* **What the task asks**
The full listing, exactly as written and with no images, is the expected output.

* **Material provided**
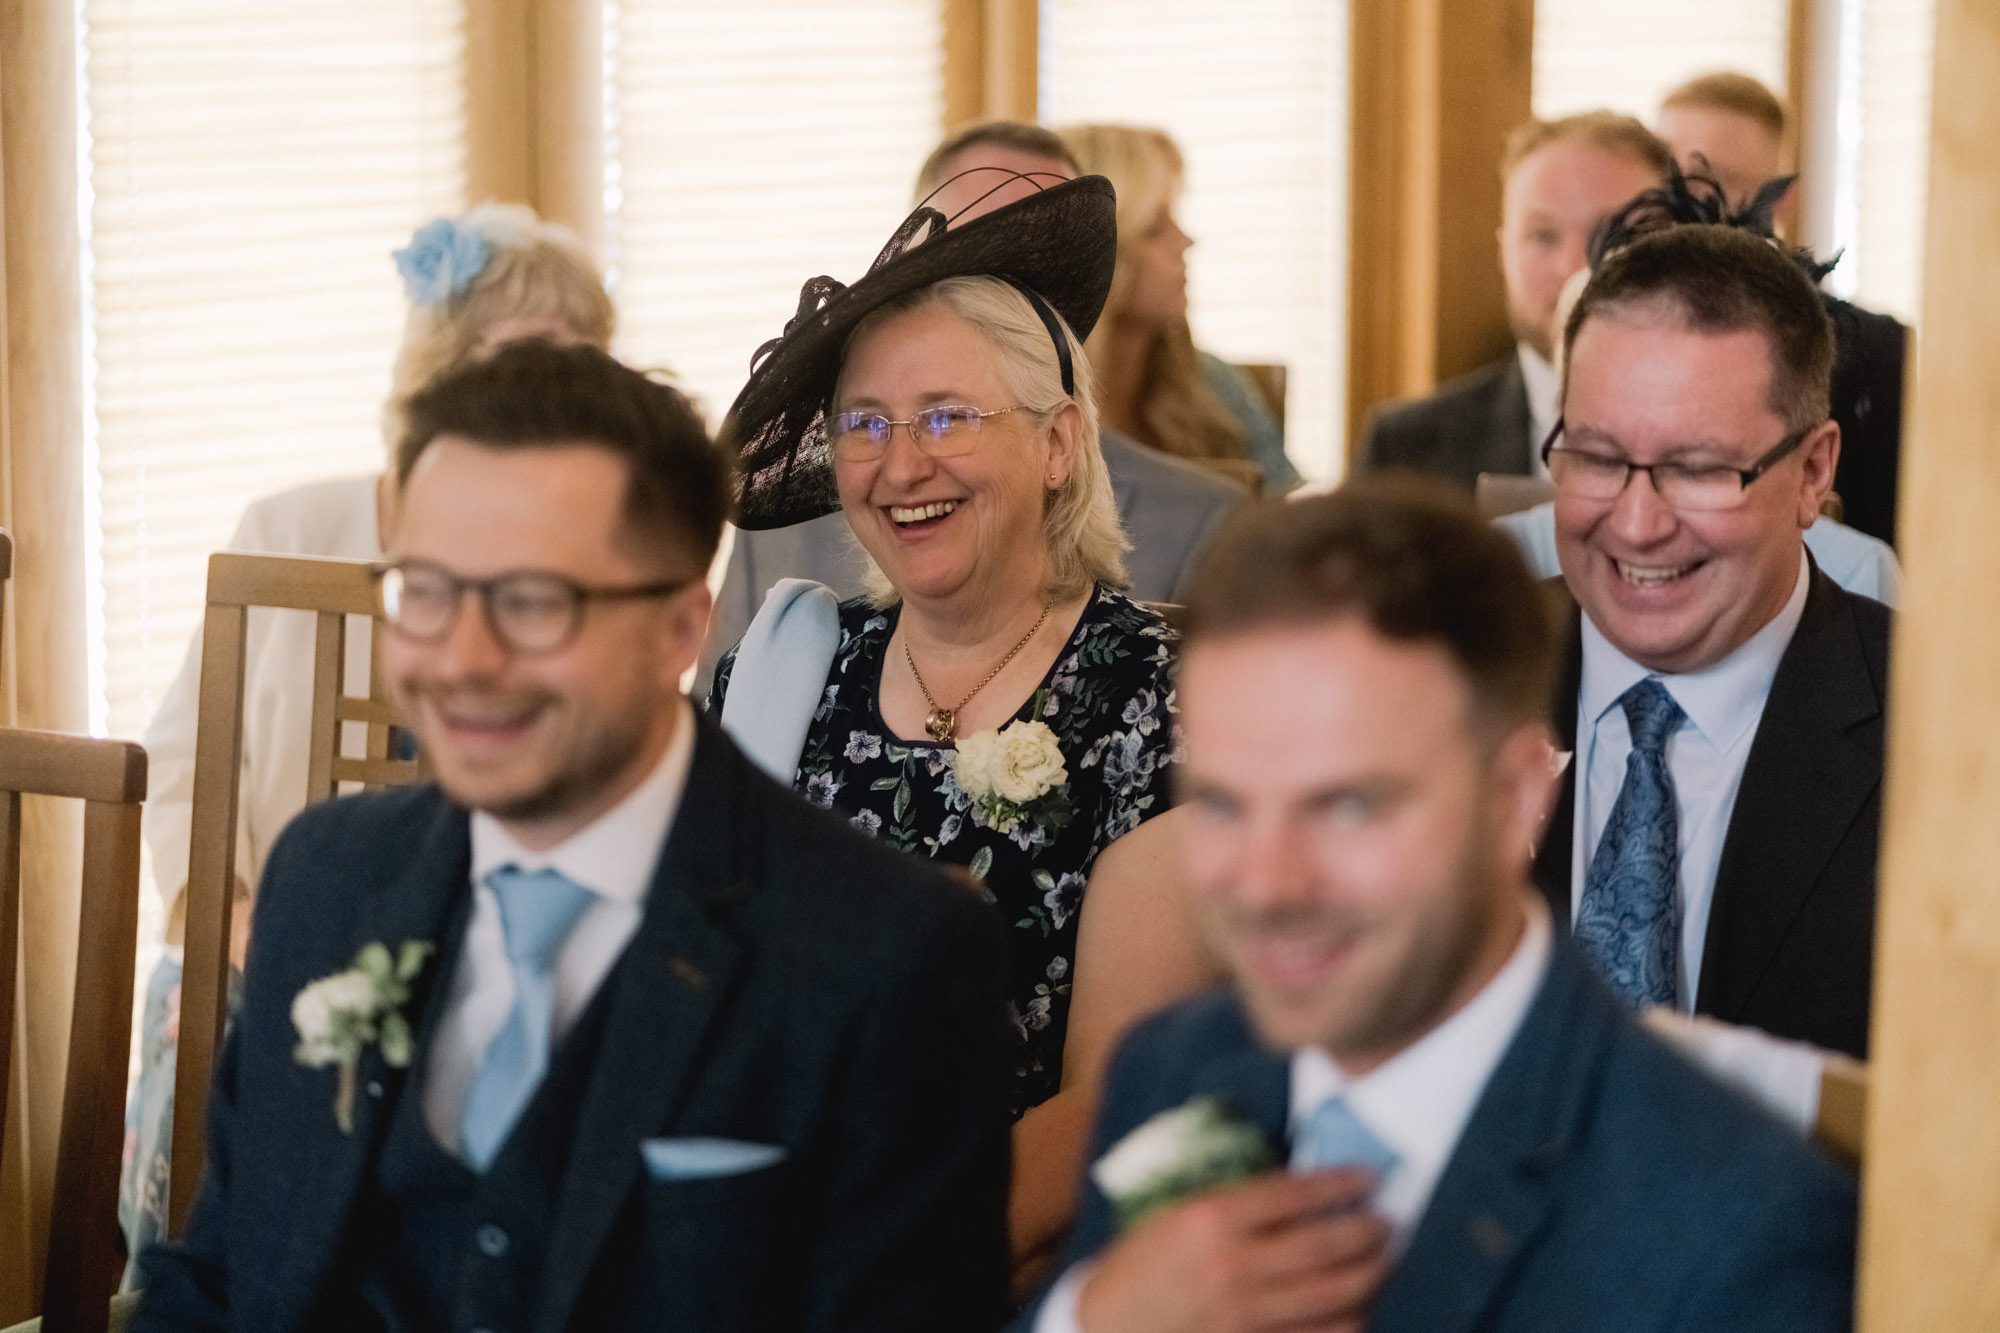 A guest smiling at a wedding at Rivervale Barn in Hampshire.
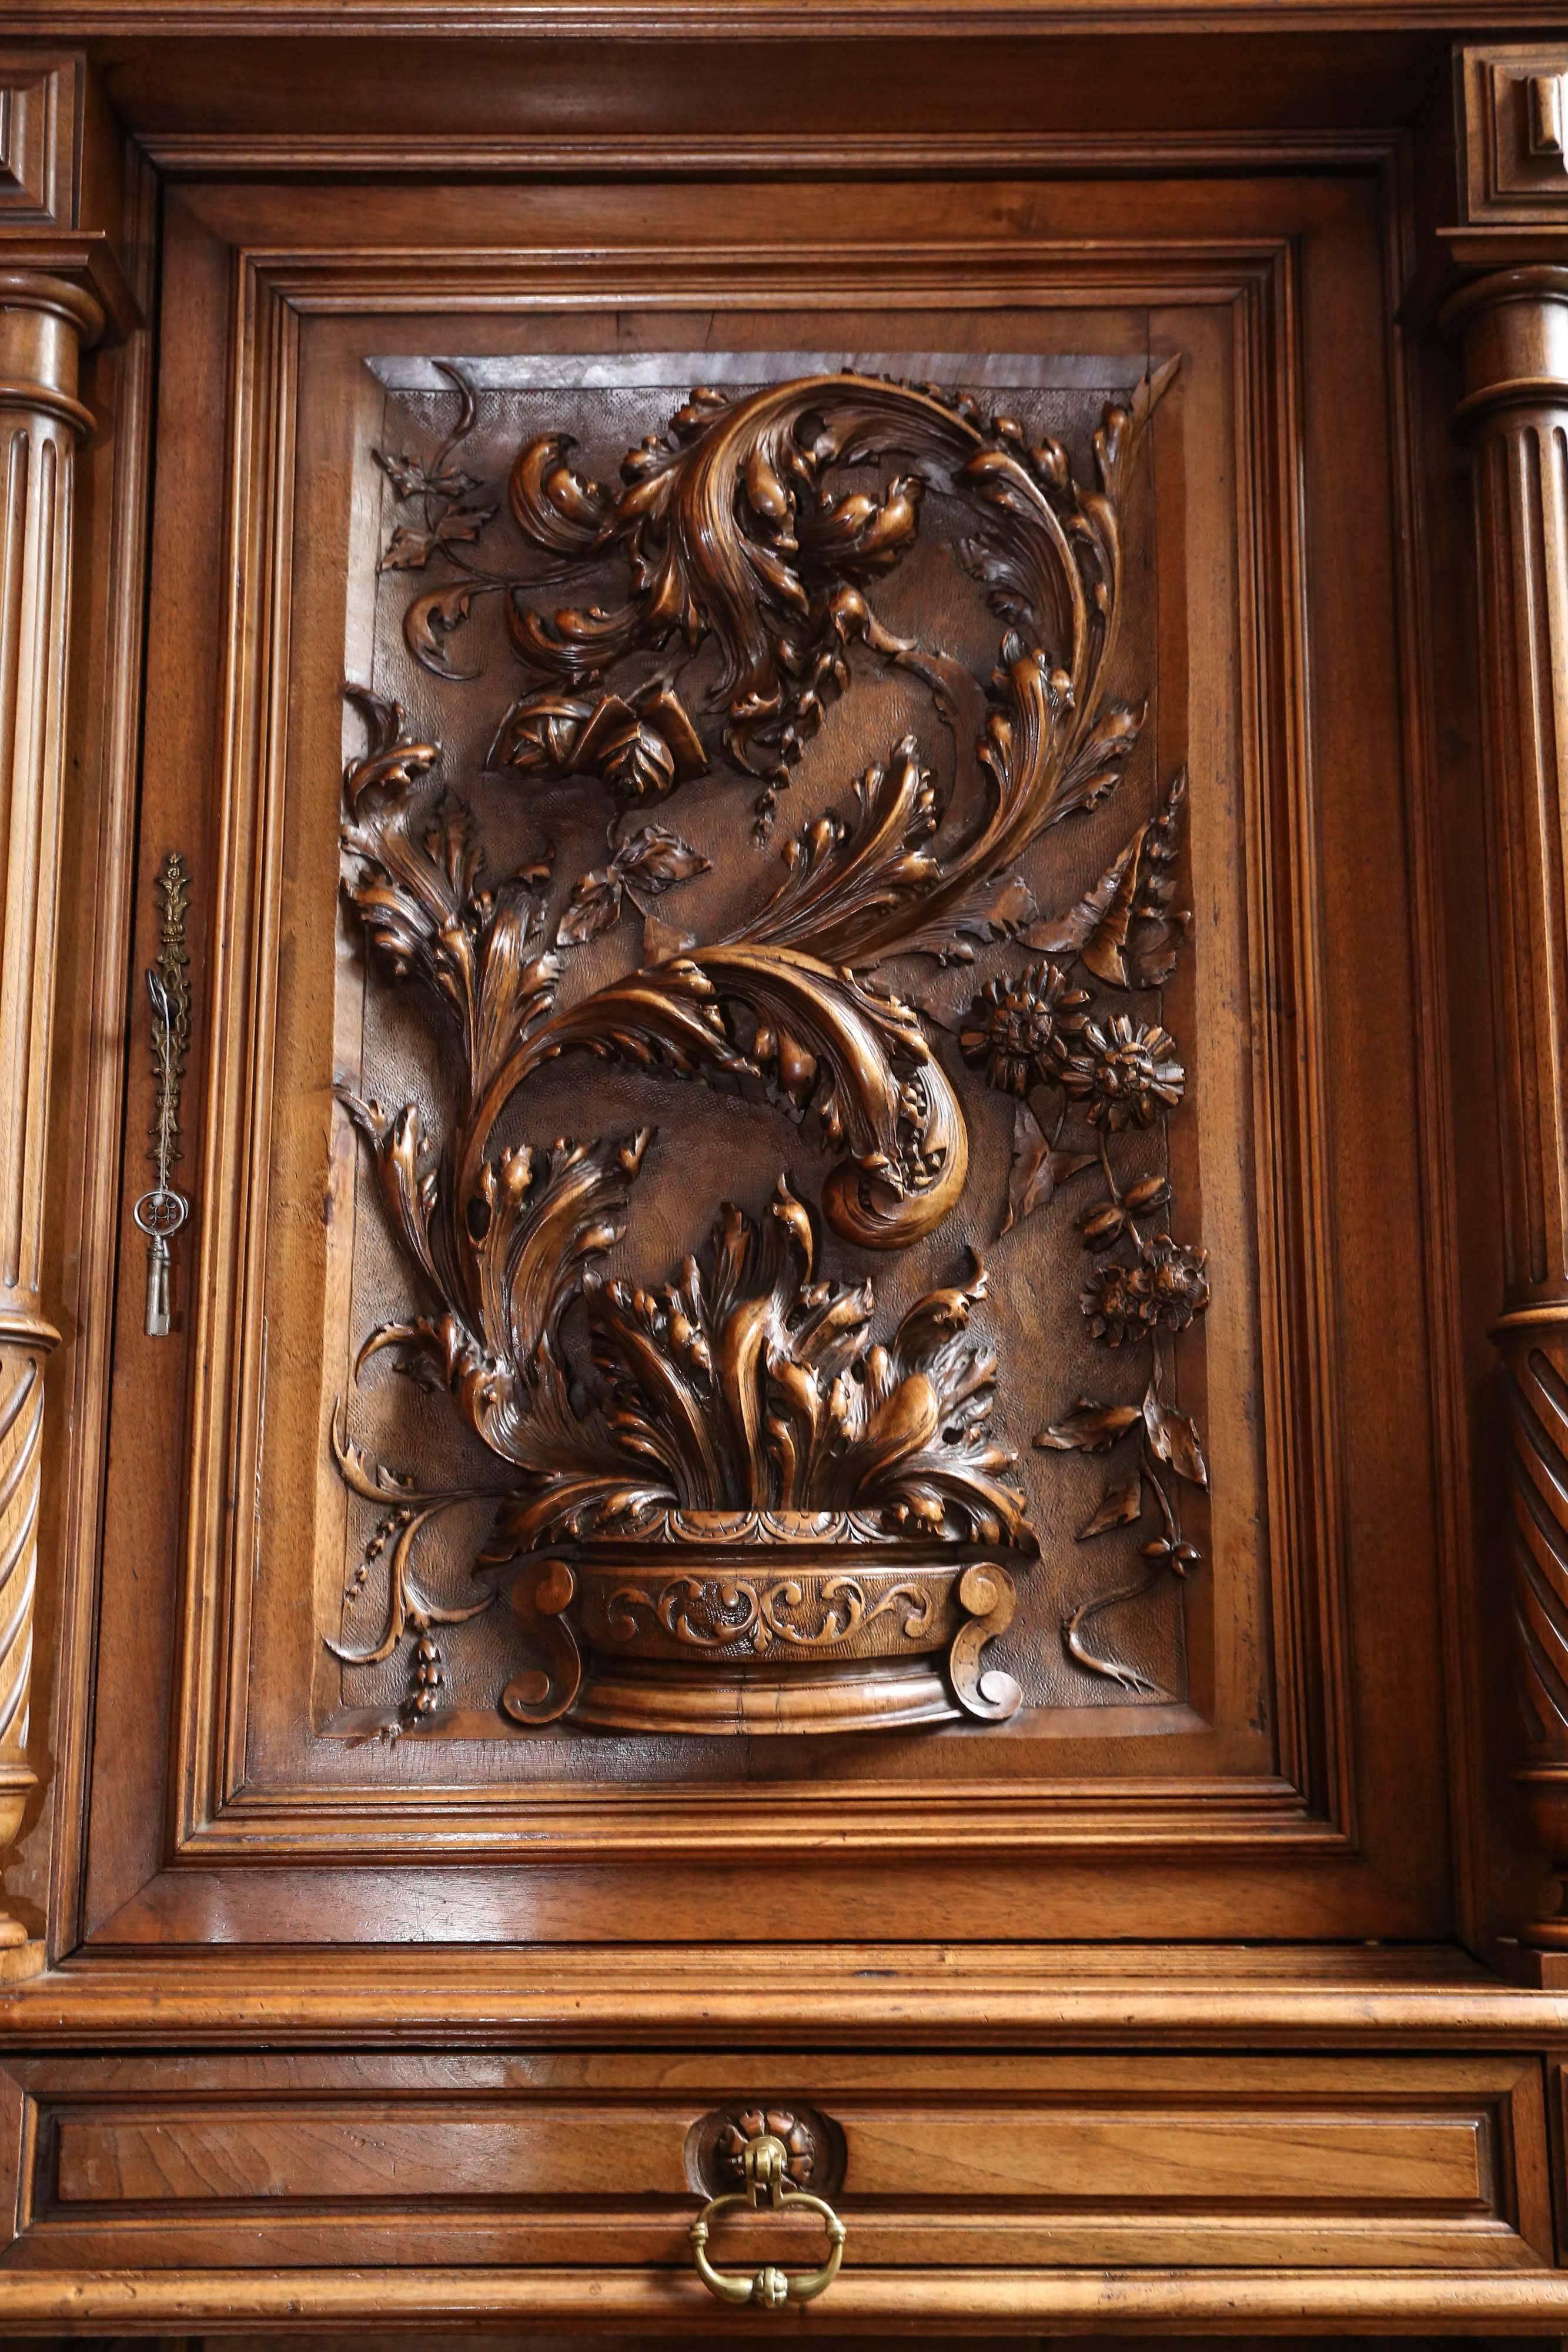 Henry II buffet that is large and impressive; original finish with great carving!
Made of walnut. Pegs together for assembly and shipping. The Carving  is deep and detailed and has
Beautiful flourishes of flowers and leaves. It has display space and

* **Solution for this exercise**
 A guest smiling at a wedding at Rivervale Barn in Hampshire.
 Henry II buffet that is large and impressive; original finish with great carving!
Made of walnut. Pegs together for assembly and shipping. The Carving  is deep and detailed and has
Beautiful flourishes of flowers and leaves. It has display space and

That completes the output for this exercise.